The prevalence of major depression ranged from 5.6% of patients with genitourinary cancer to 7.0% of colorectal cancer patients, 9.3% of breast cancer patients, 10.9% of gynaecological cancer patients and 13.1% of patients with lung cancer.
Finding that 73% of 1538 patients diagnosed with major depression were not receiving potentially effective treatment, such as an adequate antidepressant dose, the researchers emphasise that “[a] pressing need exists to improve the management of major depression for patients attending specialist cancer services.”
The results of SMaRT Oncology-2 and SMaRT Oncology-3 clinical trials of integrated collaborative care for comorbid major depression in cancer patients with good and poor prognoses are also reported at the same time in The Lancet and The Lancet Oncology, respectively.
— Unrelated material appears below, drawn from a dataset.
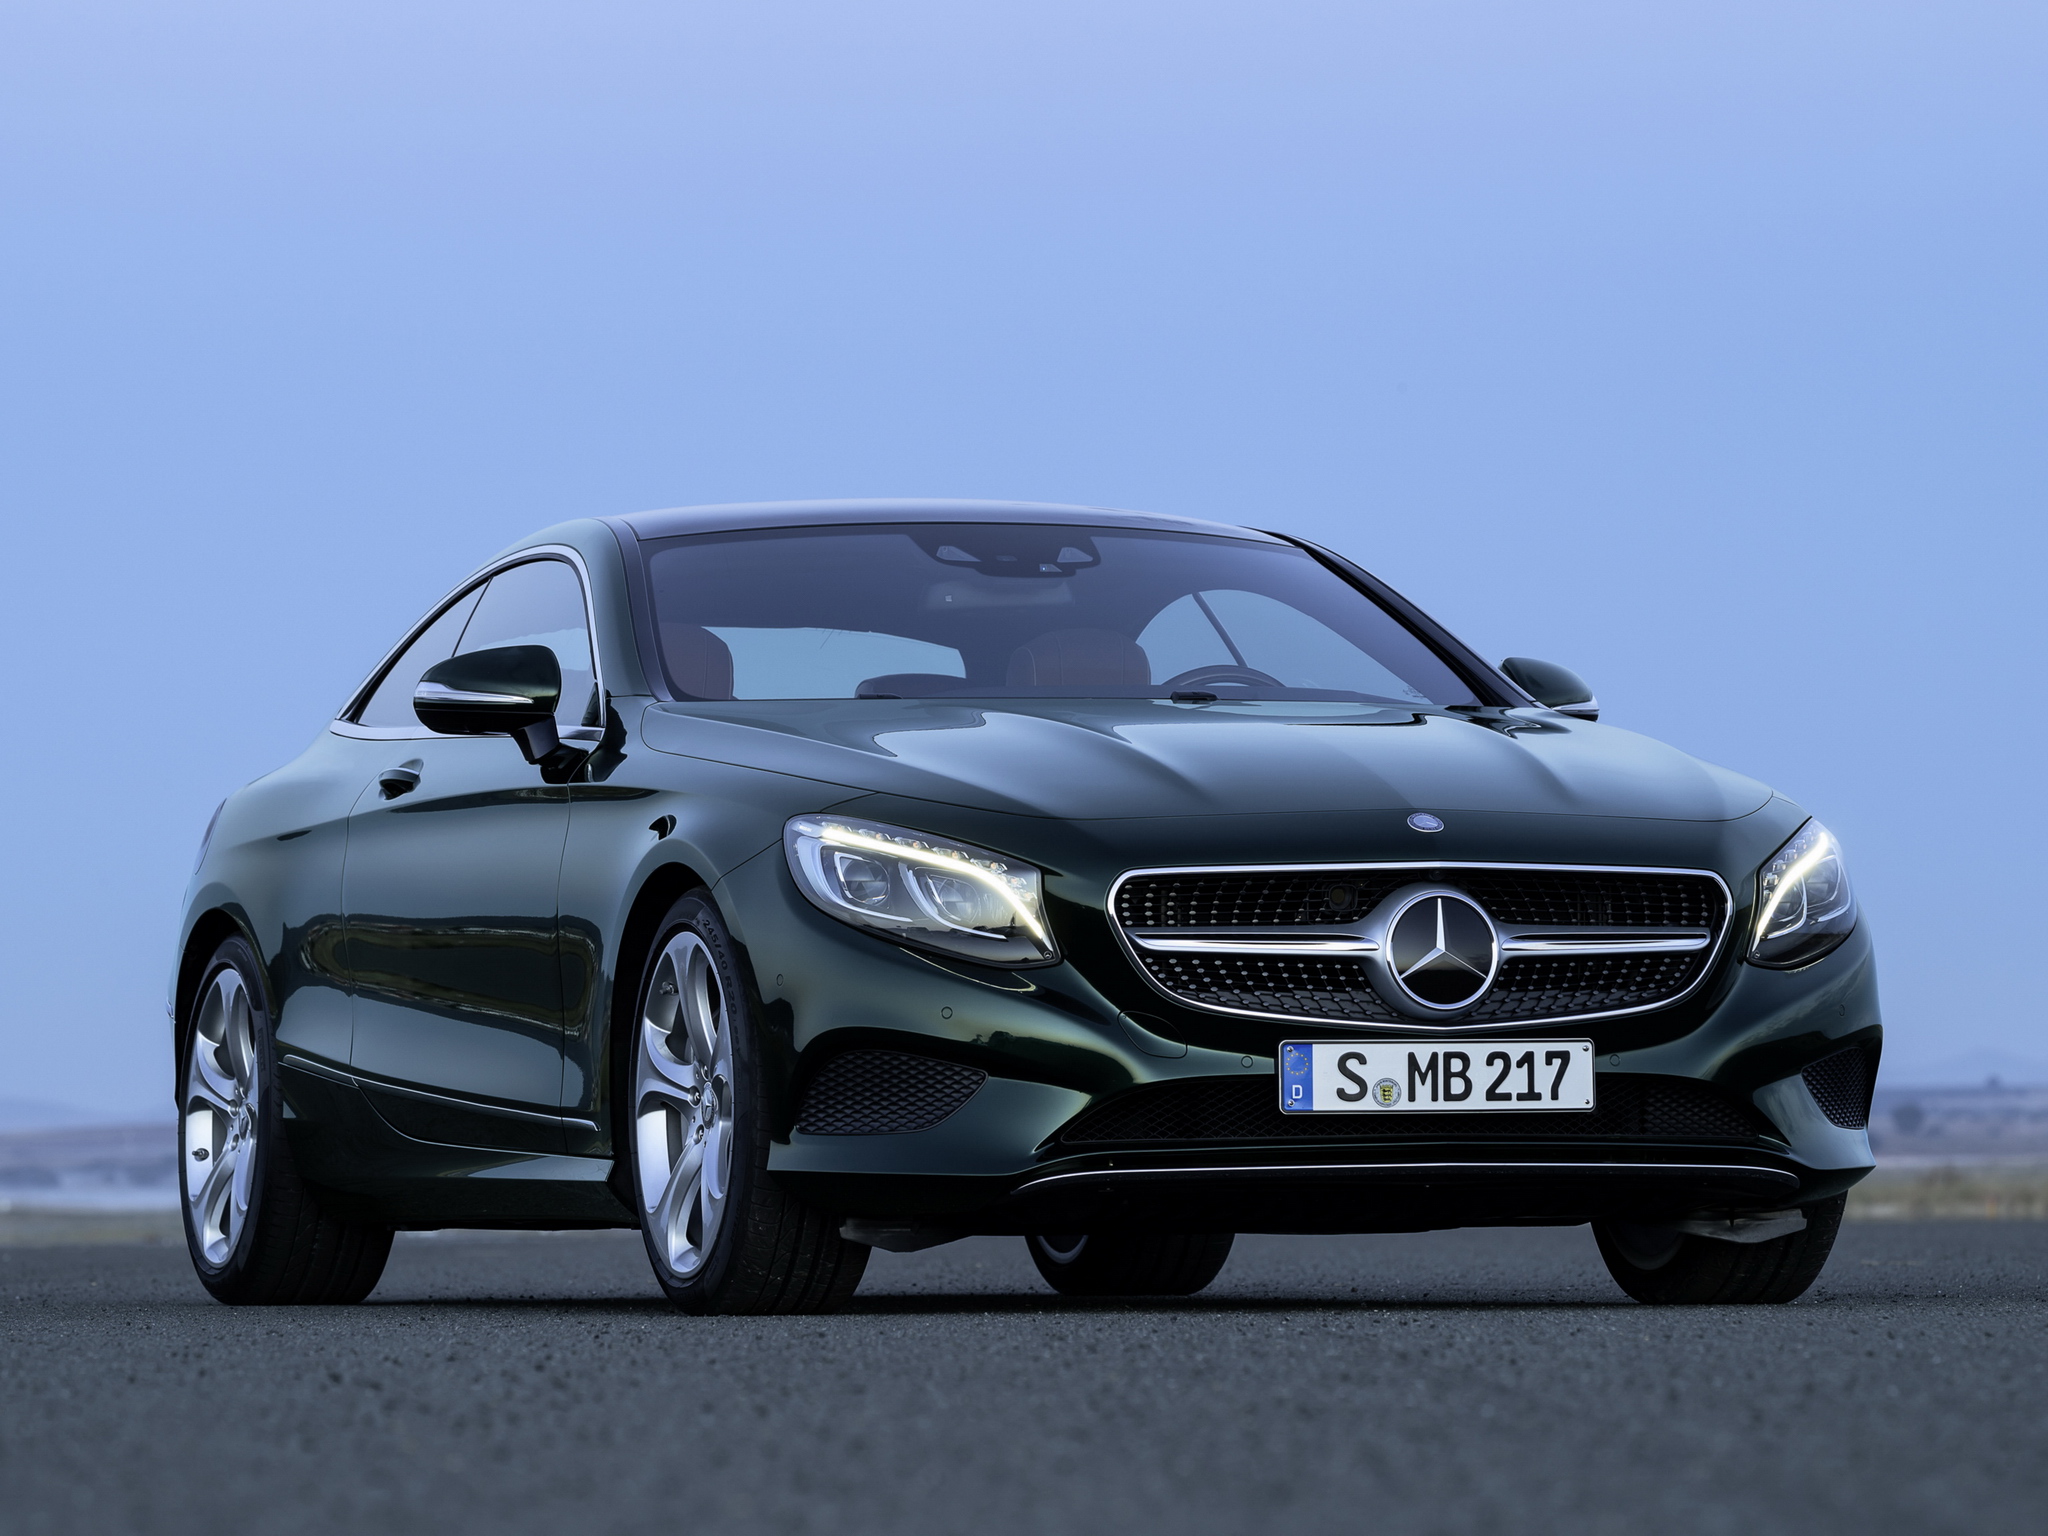 2019 Mercedes-Benz S-Class Coupe And S-Class Cabriolet To ...

For patients with a cancer prognosis of at least 12 months’ survival, the SMaRT Oncology-2 trial demonstrated that multicomponent care delivered by a team of cancer nurses, psychiatrists and primary care physicians offered a significantly better outcome for depression than usual care by primary care physicians alone.
Overall, 62% of the 231 patients given collaborative care responded to depression treatment compared with just 17% of 231 controls, giving an absolute difference of 45%, a significant adjusted odds ratio of 8.5 and a number needed to treat of 2.24.
Indeed, collaborative care was associated with less depression, anxiety, pain and fatigue, as well as better overall health, quality of life and functioning. And after 12 weeks, 72% of patients receiving collaborative care perceived their depression care as excellent or very good compared with just 25% of usual care patients.
“The most important implication of this study is that paying the same systematic attention to the management of comorbid major depression as we presently do to the associated medical condition achieves much better outcomes for patients”, write Michael Sharpe, from the University of Oxford, and co-authors.
The SMaRT Oncology-3 trial again demonstrated the greater efficacy of collaborative care for depression compared with usual care, this time in patients with lung cancer and an estimated survival of 3 months or more.
On average, depression was significantly less severe in 59 patients after undergoing collaborative care compared with 72 patients who received usual care, with a standardised mean difference of -0.62 on the Symptom Checklist Depression Scale.
Participants who were randomly assigned to receive collaborative care also reported less anxiety and depression alongside improved quality of life and functioning than those given usual care, add the researchers again, led by Jane Walker.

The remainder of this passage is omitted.